A quel punto la discussione ha preso un’altra piega, e ha portato a mettere in dubbio proprio questa condizione, anche se con varie «sfumature» (più duri francesi, belgi, lussemburghesi, molto disponibili con Londra i polacchi, a metà italiani e tedeschi). Perché, al di là di prevedere un possibile vertice straordinario il 28 marzo (a questo punto sembra tramontato), anche i leader non sapevano bene che fare nel probabile caso di un terzo no di Westminster. E nessuno vuole un catastrofico no-deal. «Dobbiamo lavorare fino all’ultimo minuto per evitarlo» avvertiva la cancelliera Angela Merkel.

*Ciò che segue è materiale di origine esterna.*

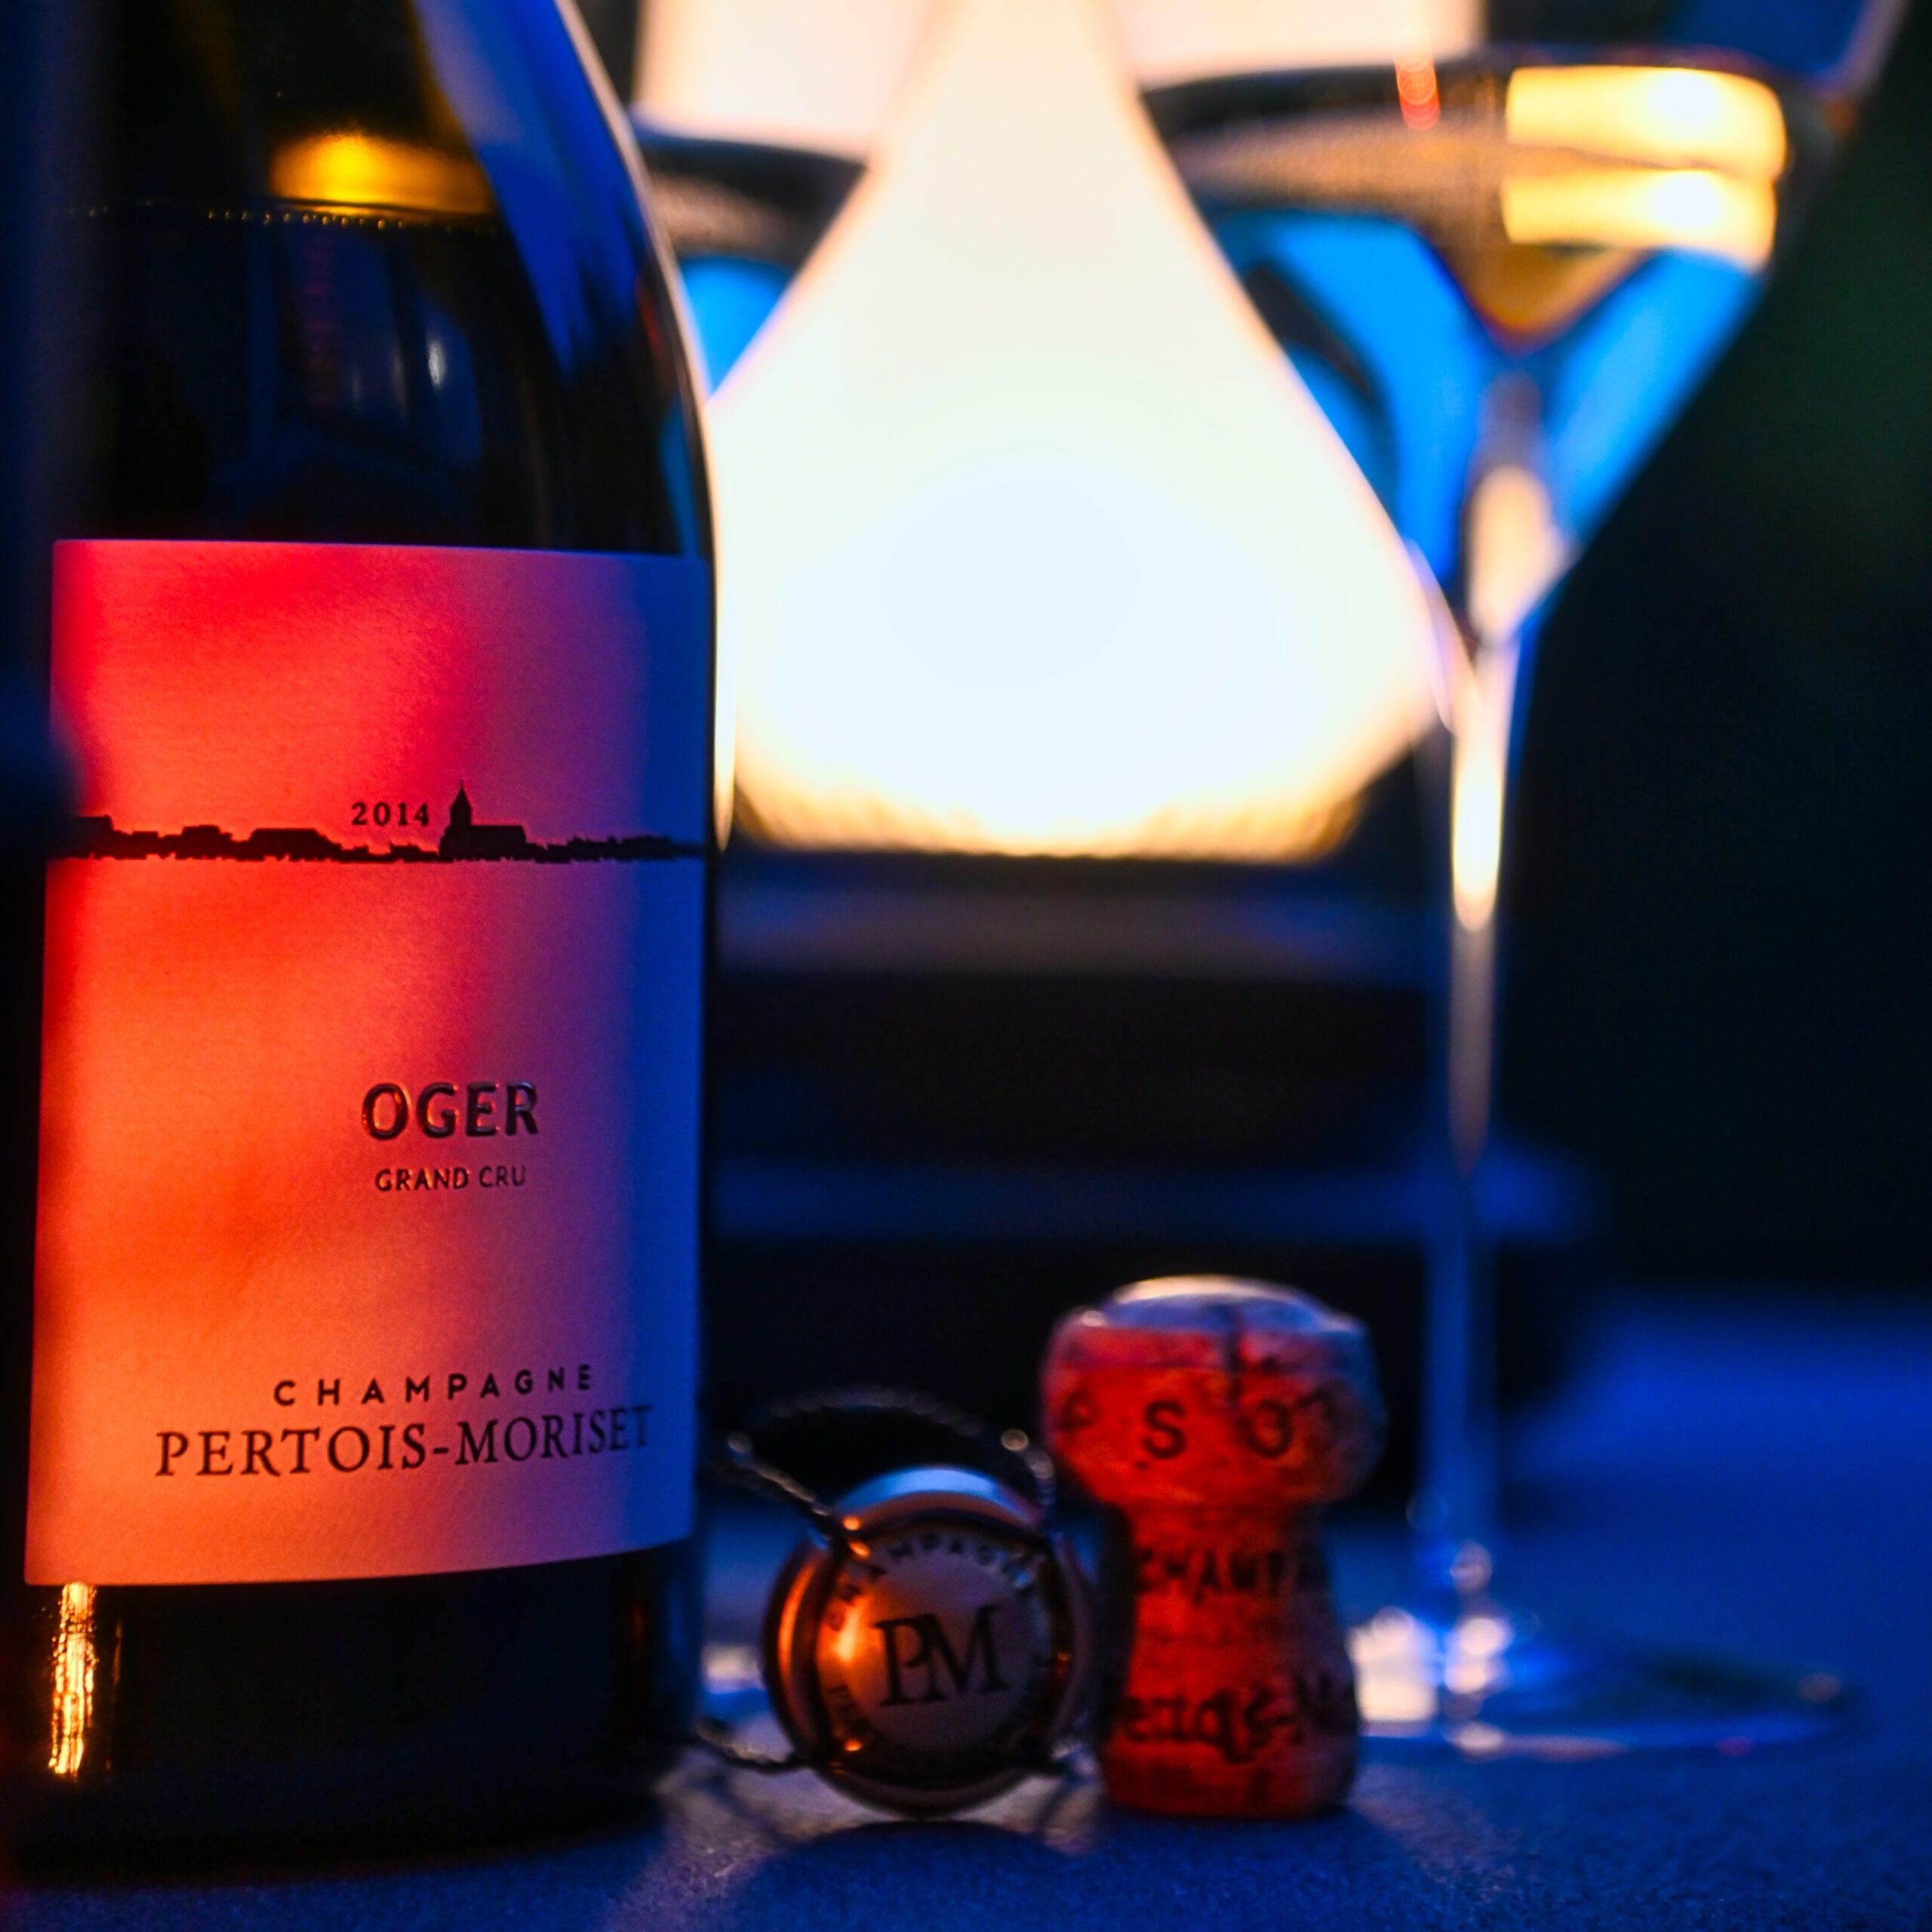 Pertois-Moriset Oger Grand Cru Extra Brut 2014

In serata i francesi hanno avanzato una nuova proposta: niente condizioni di un voto la prossima settimana, ma un rinvio ancora più limitato, che tiene conto anche delle richieste di Tajani: estensione fino al 7 maggio, con la possibilità per Londra di notificare entro l’11 aprile l’intenzione di tenere elezioni europee. In questo caso, sarebbe possibile anche un rinvio lungo, almeno fino al 31 dicembre 2019. Altrimenti il 7 maggio uscita comunque, con o senza accordo. Una proposta che non ha avuto successo. Alla fine, si è arrivata alla soluzione della doppia data, il che dovrebbe evitare anche un vertice straordinario la prossima settimana. Una cosa è chiara: i 27 hanno capito che nel caos britannico incauti ultimatum potrebbero solo peggiorare la situazione. C’è la sensazione, oltretutto, che a Londra ormai tutto può succedere, dalle dimissioni di May a un nuovo referendum.